### INFORMATION GIVEN
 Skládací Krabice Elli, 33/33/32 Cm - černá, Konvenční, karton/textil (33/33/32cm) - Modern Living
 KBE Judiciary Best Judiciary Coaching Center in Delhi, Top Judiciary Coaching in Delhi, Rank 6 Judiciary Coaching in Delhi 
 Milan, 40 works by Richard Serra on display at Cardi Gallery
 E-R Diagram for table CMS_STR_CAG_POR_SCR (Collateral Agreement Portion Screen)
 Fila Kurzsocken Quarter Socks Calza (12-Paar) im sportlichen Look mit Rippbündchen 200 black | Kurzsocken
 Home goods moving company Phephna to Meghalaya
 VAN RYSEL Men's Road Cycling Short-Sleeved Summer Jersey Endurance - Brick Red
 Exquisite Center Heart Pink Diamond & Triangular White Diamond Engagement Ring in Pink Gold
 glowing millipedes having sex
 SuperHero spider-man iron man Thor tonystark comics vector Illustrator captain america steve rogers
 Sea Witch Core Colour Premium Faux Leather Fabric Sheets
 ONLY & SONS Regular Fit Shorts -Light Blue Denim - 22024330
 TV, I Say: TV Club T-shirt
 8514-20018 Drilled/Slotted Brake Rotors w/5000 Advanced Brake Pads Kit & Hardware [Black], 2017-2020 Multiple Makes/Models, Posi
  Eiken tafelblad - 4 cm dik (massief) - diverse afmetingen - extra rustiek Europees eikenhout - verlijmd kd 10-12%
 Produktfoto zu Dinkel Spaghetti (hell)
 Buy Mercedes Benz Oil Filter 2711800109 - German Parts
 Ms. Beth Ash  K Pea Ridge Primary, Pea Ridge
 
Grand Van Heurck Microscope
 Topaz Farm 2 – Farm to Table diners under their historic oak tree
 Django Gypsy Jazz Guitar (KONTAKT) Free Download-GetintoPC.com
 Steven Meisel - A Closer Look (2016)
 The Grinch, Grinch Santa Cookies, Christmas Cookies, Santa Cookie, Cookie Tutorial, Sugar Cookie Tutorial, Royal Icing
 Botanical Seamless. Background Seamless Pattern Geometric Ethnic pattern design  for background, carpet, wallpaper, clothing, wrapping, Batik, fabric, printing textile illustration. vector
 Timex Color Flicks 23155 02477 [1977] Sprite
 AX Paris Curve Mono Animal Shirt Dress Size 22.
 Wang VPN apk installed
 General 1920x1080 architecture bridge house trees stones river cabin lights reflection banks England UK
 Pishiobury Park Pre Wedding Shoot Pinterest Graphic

### ACTIVITY
Produce the whole listing again, exactly as it reads above.

### EXPECTED OUTPUT
 Skládací Krabice Elli, 33/33/32 Cm - černá, Konvenční, karton/textil (33/33/32cm) - Modern Living
 KBE Judiciary Best Judiciary Coaching Center in Delhi, Top Judiciary Coaching in Delhi, Rank 6 Judiciary Coaching in Delhi 
 Milan, 40 works by Richard Serra on display at Cardi Gallery
 E-R Diagram for table CMS_STR_CAG_POR_SCR (Collateral Agreement Portion Screen)
 Fila Kurzsocken Quarter Socks Calza (12-Paar) im sportlichen Look mit Rippbündchen 200 black | Kurzsocken
 Home goods moving company Phephna to Meghalaya
 VAN RYSEL Men's Road Cycling Short-Sleeved Summer Jersey Endurance - Brick Red
 Exquisite Center Heart Pink Diamond & Triangular White Diamond Engagement Ring in Pink Gold
 glowing millipedes having sex
 SuperHero spider-man iron man Thor tonystark comics vector Illustrator captain america steve rogers
 Sea Witch Core Colour Premium Faux Leather Fabric Sheets
 ONLY & SONS Regular Fit Shorts -Light Blue Denim - 22024330
 TV, I Say: TV Club T-shirt
 8514-20018 Drilled/Slotted Brake Rotors w/5000 Advanced Brake Pads Kit & Hardware [Black], 2017-2020 Multiple Makes/Models, Posi
  Eiken tafelblad - 4 cm dik (massief) - diverse afmetingen - extra rustiek Europees eikenhout - verlijmd kd 10-12%
 Produktfoto zu Dinkel Spaghetti (hell)
 Buy Mercedes Benz Oil Filter 2711800109 - German Parts
 Ms. Beth Ash  K Pea Ridge Primary, Pea Ridge
 
Grand Van Heurck Microscope
 Topaz Farm 2 – Farm to Table diners under their historic oak tree
 Django Gypsy Jazz Guitar (KONTAKT) Free Download-GetintoPC.com
 Steven Meisel - A Closer Look (2016)
 The Grinch, Grinch Santa Cookies, Christmas Cookies, Santa Cookie, Cookie Tutorial, Sugar Cookie Tutorial, Royal Icing
 Botanical Seamless. Background Seamless Pattern Geometric Ethnic pattern design  for background, carpet, wallpaper, clothing, wrapping, Batik, fabric, printing textile illustration. vector
 Timex Color Flicks 23155 02477 [1977] Sprite
 AX Paris Curve Mono Animal Shirt Dress Size 22.
 Wang VPN apk installed
 General 1920x1080 architecture bridge house trees stones river cabin lights reflection banks England UK
 Pishiobury Park Pre Wedding Shoot Pinterest Graphic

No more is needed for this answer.